Все с неодобрением, а кое-кто даже со злобой посмотрели на него.

– Чего надо? – свирепо спросил Коллинз. – Уйди, животное!

– Опять ешь котлеты? – хрипло поинтересовался барашек. – Из моего мясца-то ты ведь котлетки жрешь, каннибал!

– Они лосиные! – фальшивым голосом возопил Коллинз.

– А лоси, можно подумать, не люди?! – пресек баран. – Всех маралов в зоопарке переел, Злобный Убийца с Чаном! Потом за медведя примешься, а там и до Ринго недалеко? Съешь ему ручки – гам! Съешь ему ножки – гам!

– Всегда на страже! – это вошел Ринго. – Штрафы со всех вместе, или с каждого по отдельности?

– Ринсмен, это не по-конституционному, – выступил вперед Боуи.

– Я и суд присяжных, я и адвокат, – прервал гнусные инсинуации Старр. – Штраф!

– Нас же больше, – скучающим голосом сказал Джон, и все, очень неожиданно для Ринго, и в особенности для барана, набросились на них и скрутили. Не сразу, но шум битвы долетел даже до мило храпящей прабабушки Боуи, глухонемой с тринадцати лет. Она пробудилась, расправила помятые со сна уши и, видно, кое-что все-таки услыхала, потому что открыла рот и сказала первую за сто лет фразу:

– «Шинок» – приют для всех убогих, подруг он дней моих сурових, – после чего хлопнулась на подушку и вновь погрузилась в сладкий сон.

Ринго и баран были закачены под стойку, и баран был неприятно поражен и даже напуган, когда увидел, что Фил тут же впился зубами в огромный сочный мыш-кебаб (еще одно шиночье фирменное блюдо).

А Ринго даже сквозь старый нашейный платок, запиханный ему в говорилку, продолжал бубнить размеры и показатели штрафов.

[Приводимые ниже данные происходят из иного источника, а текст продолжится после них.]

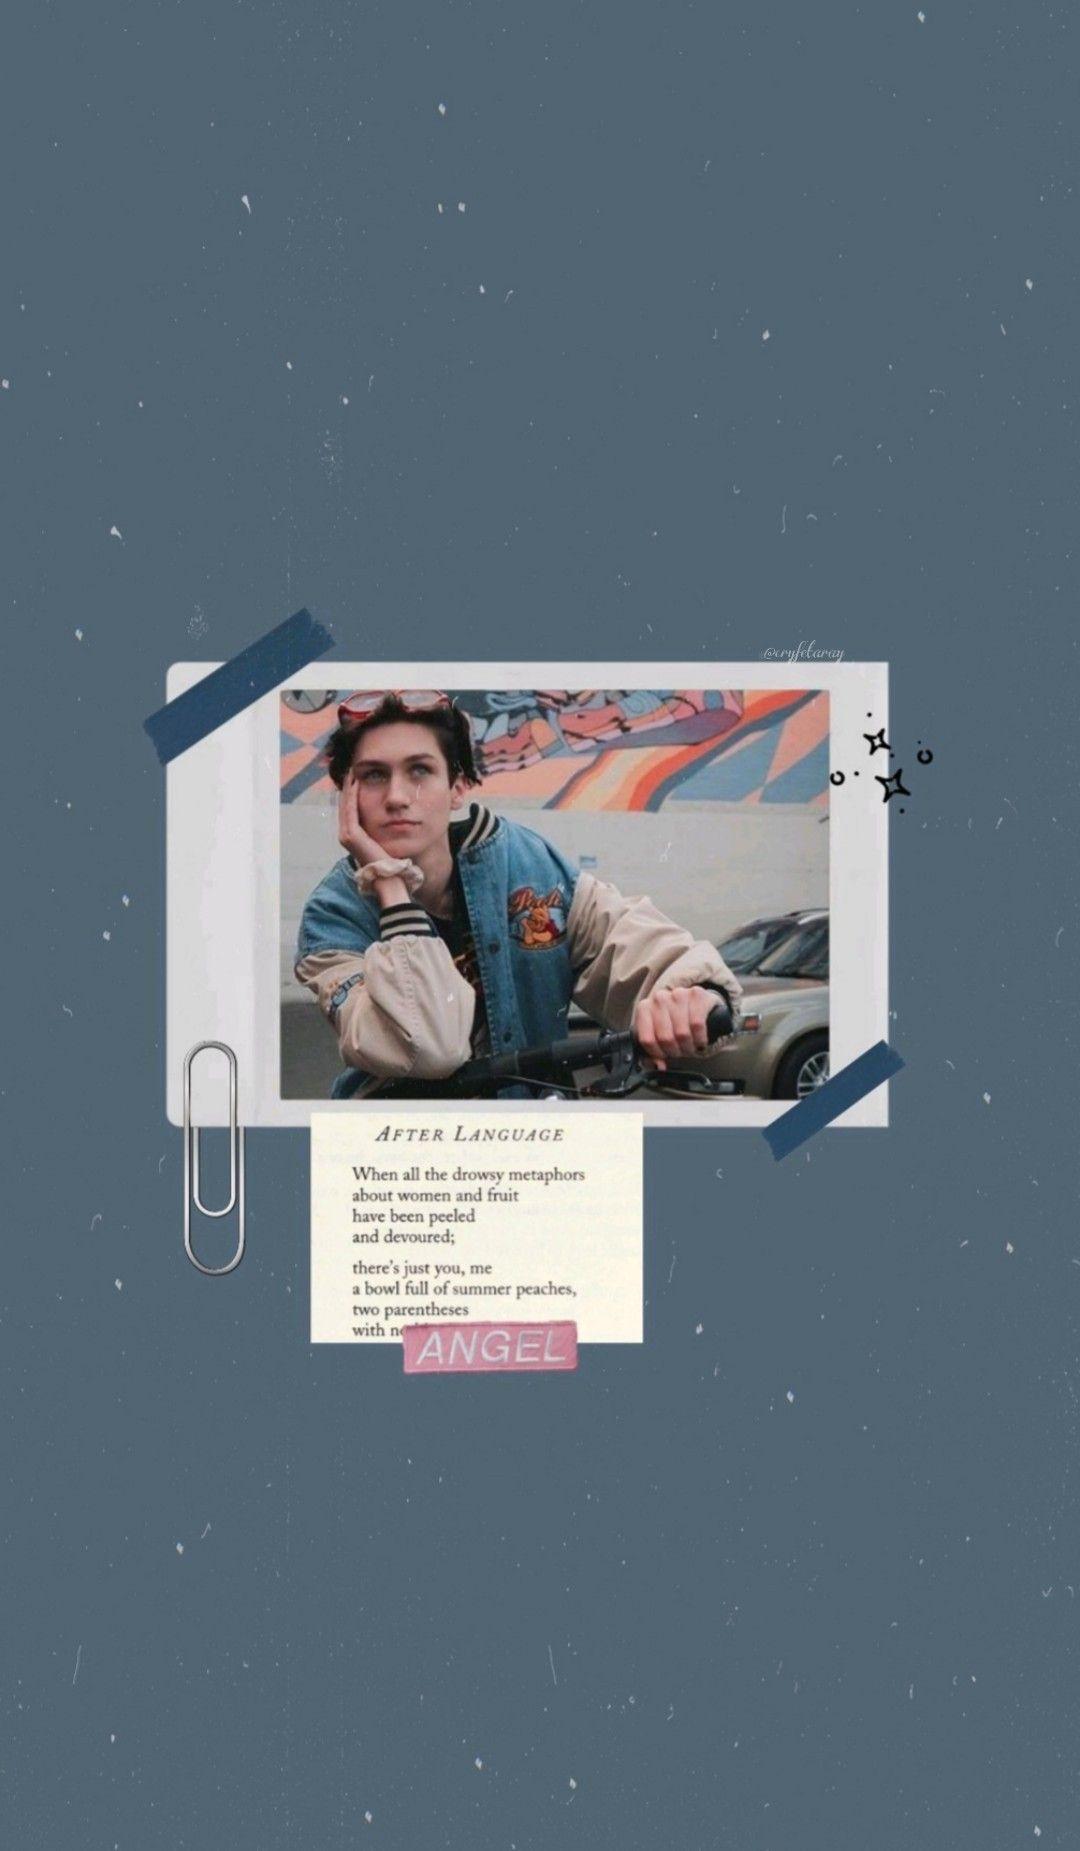 Chasehudson Chase Tiktok Eboy Boys Lilhuddy Cute Locksreen Wallpaper Phone Love In 2020 Boys Wallpaper Cute Wallpapers Hudson

Только спустя три дня, когда Ринго торжественно, при большом скоплении народа, пообещал не требовать штрафов с проштрафившихся, а баран поклялся больше не устремлять на Фила коробящих честь и достоинство последнего взглядов, их отпустили и вдоволь накачали детским шампанским. И теперь, если баран еще и пытался укоризненно взглянуть на Коллинза во время поедания последним сосиски или бифштекса, сам Коллинз устремлял на барана свой новый фирменный взгляд «Барашек в бумажке», так что баран немедленно линял и становился фиолетовым. В крапинку. И – что особенно важно – его не надо было для этого даже стукать! Во как!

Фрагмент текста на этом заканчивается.